The contagion in the dolphin world

While friendly close contact is essential for these acquatic mammals social bonds, sharing space and air can also quickly spread disease.

Three young male dolphins simultaneously break the waters surface to breathe-first exhaling, then inhaling-before slipping back under the waves of the Chesapeake Bay in the U.S. “A perfect sync,” said Janet Mann, a dolphin researcher watching from a small skiff.

Synchronised  breathing is something dolphins often do with close pals, such as these males, or that mothers and calves do together, said Mann. It’s a way of affirming the relationships that are so important to these highly intelligent and social mammals, like a handshake or a hug among humans. “It says, ‘We’re together,” said Mann, who is based at Georgetown University.

While such close contact is essential to dolphin social bonds, sharing space and air can also quickly spread disease. Mann and other scientists are trying to understand how a highly contagious and lethal disease called cetacean morbillivirus- related to measles in humans and first detected in Virginia and Maryland waters can spread rapidly among dolphins along the Atlantic Coast, as it did from 2013 to 2015.

Thousands of deaths

During that outbreak, more than 1,600 dolphins washed ashore on beaches from New York to Florida, according to the National Oceanic and Atmospheric Administration. Altogether, an estimated 20,000 dolphins died from the virus, and the region’s population of coastal dolphins shrank by about 50%.
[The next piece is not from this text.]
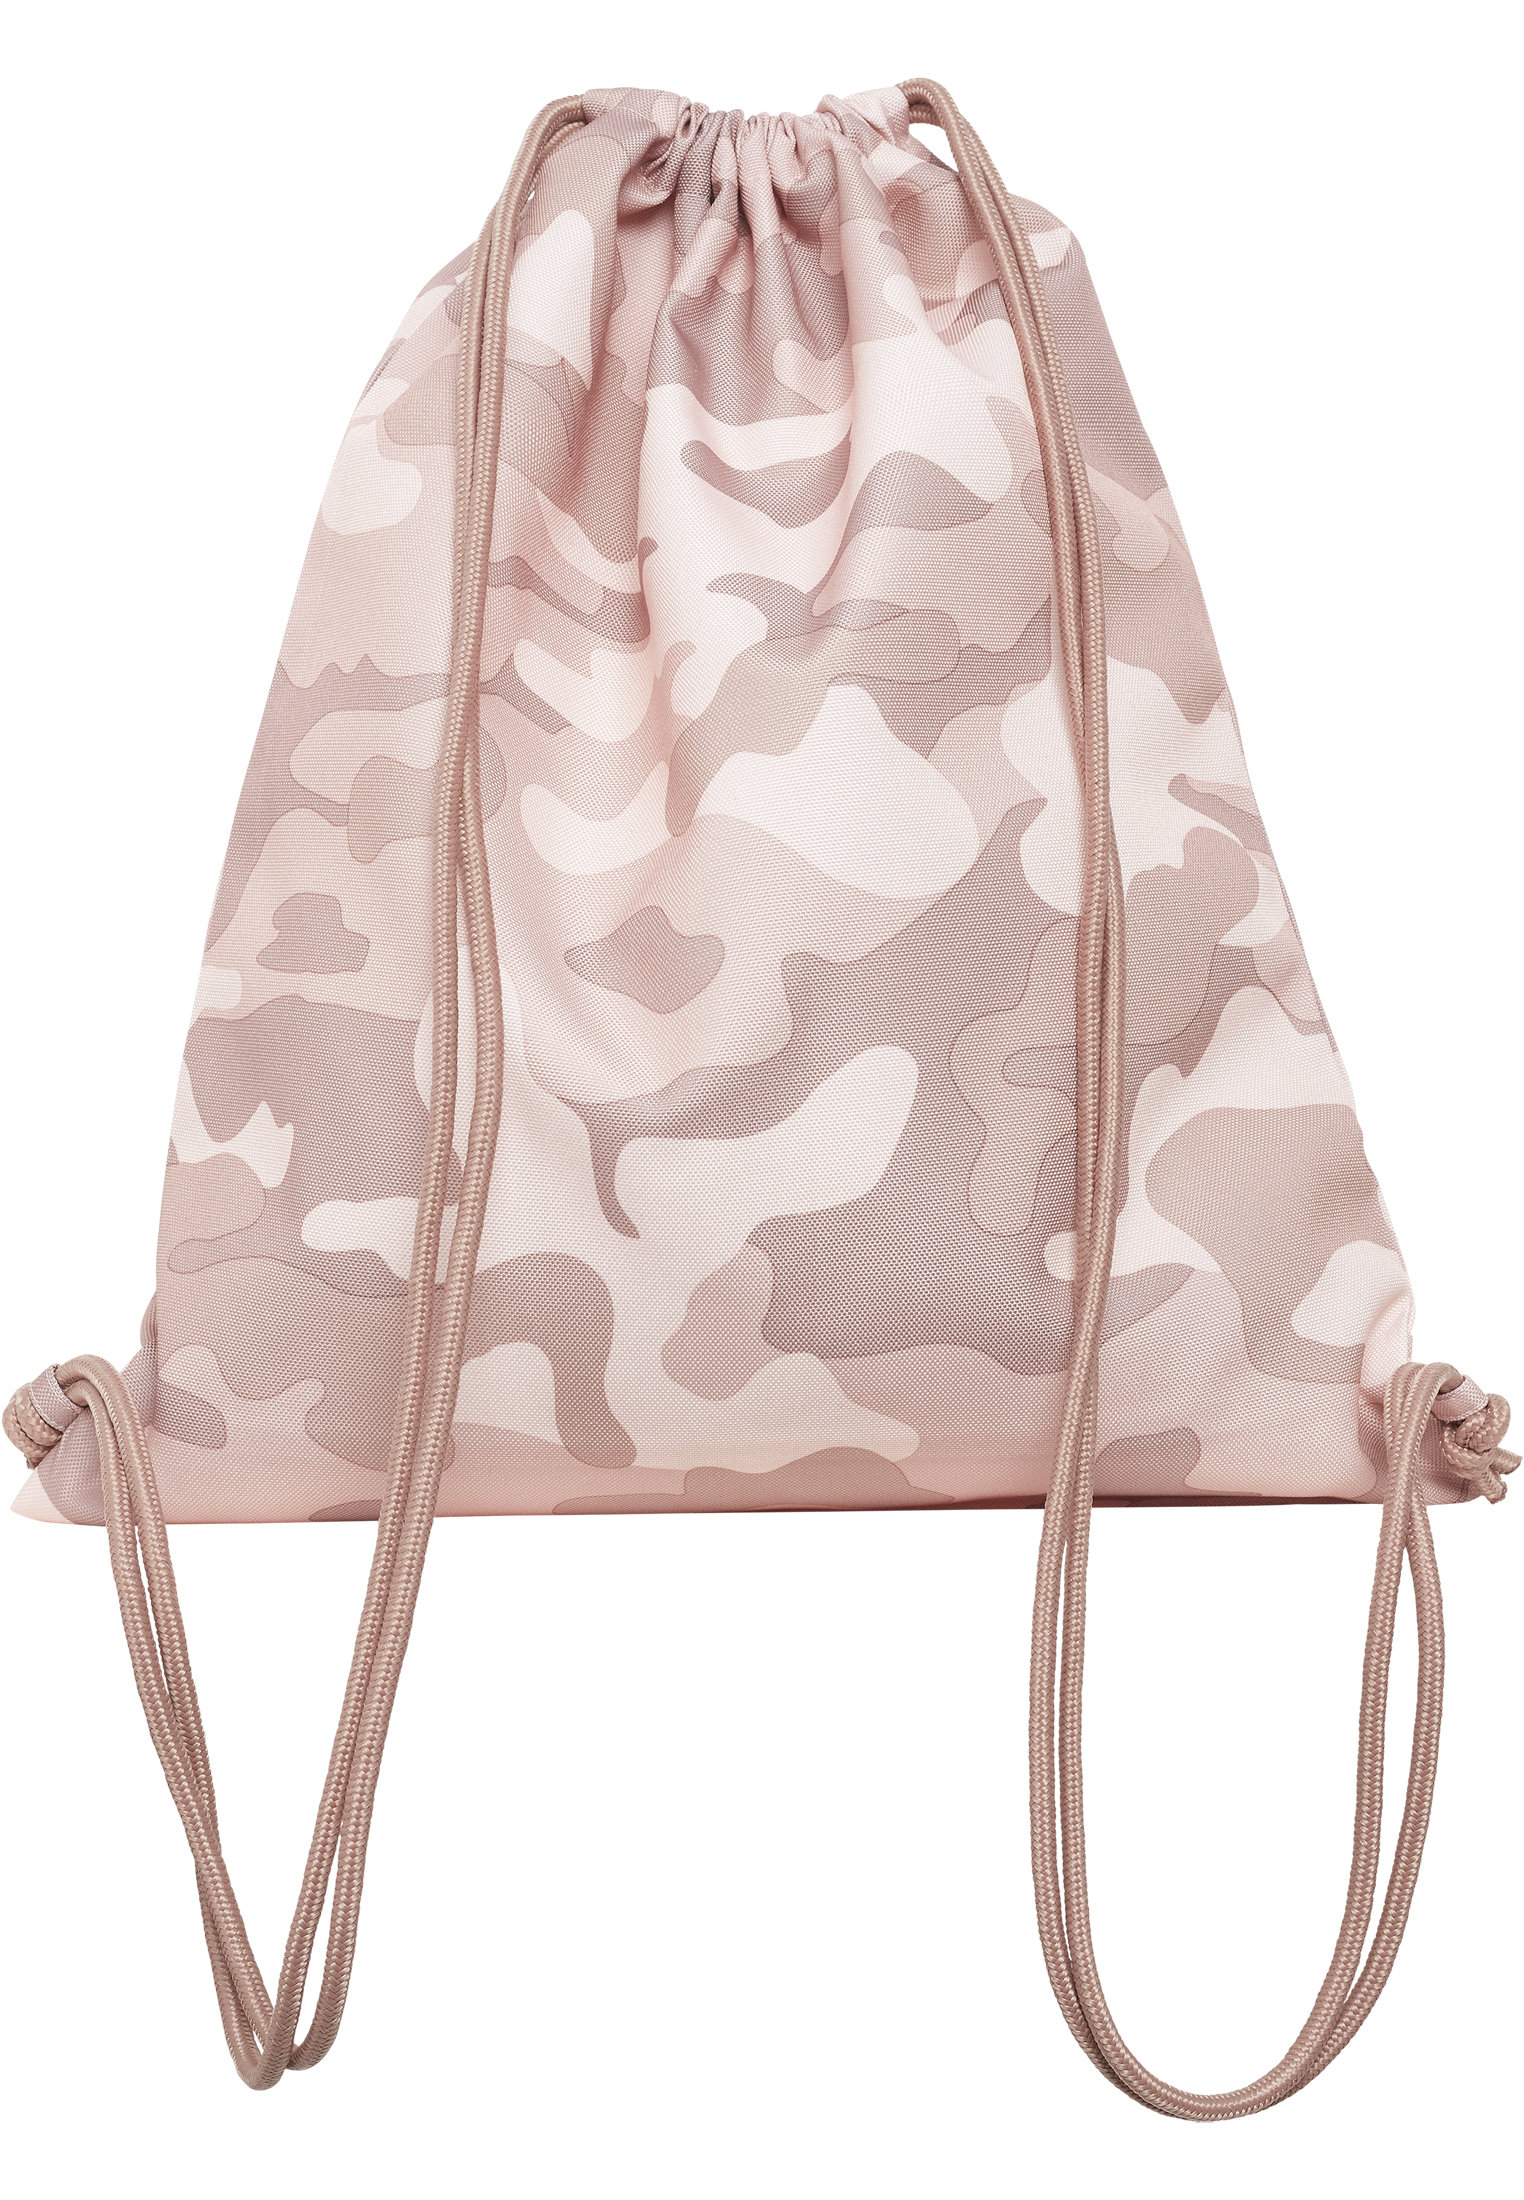 Sac à dos camouflage rose URBAN CLASSICS

“It’s much like COVID – it’s respiratory” in how it spreads, said Mann. “When dolphins breathe together at the surface, they’re sharing respiratory droplets just like we do when we’re talking or coughing on each other.”

She realised that the key to understanding swift virus transmission was tracing dolphin social networks, much as how public health authorities have tracked the COVID-19 pandemic.

To understand how diseases circulate in social animals such as humans, dolphins, or chimpanzees scientists must scrutinise not only the biology of a virus, but also how vulnerable populations interact, said Jacob Negrey, a researcher who studies animal viruses at Wake Forest School of Medicine. “Contact networks represent a double-edged sword,” he said. “Your friends that you need are also the individuals most likely to get you sick.”

Dolphins are extremely playful animals and often swim close together, sometimes even touching fins. “We call it holding hands,” said Mann.

“The males stay pretty coordinated with each other. The females sync, but not as regularly. They sync mostly with their offspring,” adds Mann. That difference in behaviour may help explain why males died in greater numbers during the most recent cetacean morbillivirus outbreak – a hypothesis the researchers are examining.

Depleted populations While Atlantic bottlenose dolphins are not endangered, NOAA considers their coastal populations to be “depleted”, meaning “below optimum sustainable population”.

Outbreaks of the virus emerge here every 25 years or so. And they strike dolphins and their close marine relatives elsewhere, including some endangered whale species.

University of Hawaii researcher Kristi West called the disease – which causes skin lesions, pneumonia, brain infections and a suppressed immune system – “the most significant threat to dolphins and whales on a worldwide scale”.

While viruses naturally occur in the wild, human disruption of marine habitats has made animals more vulnerable. “The disease becomes an even more significant threat when we combine it with other stressors that dolphins and whales throughout the world are facing,” said West. AP.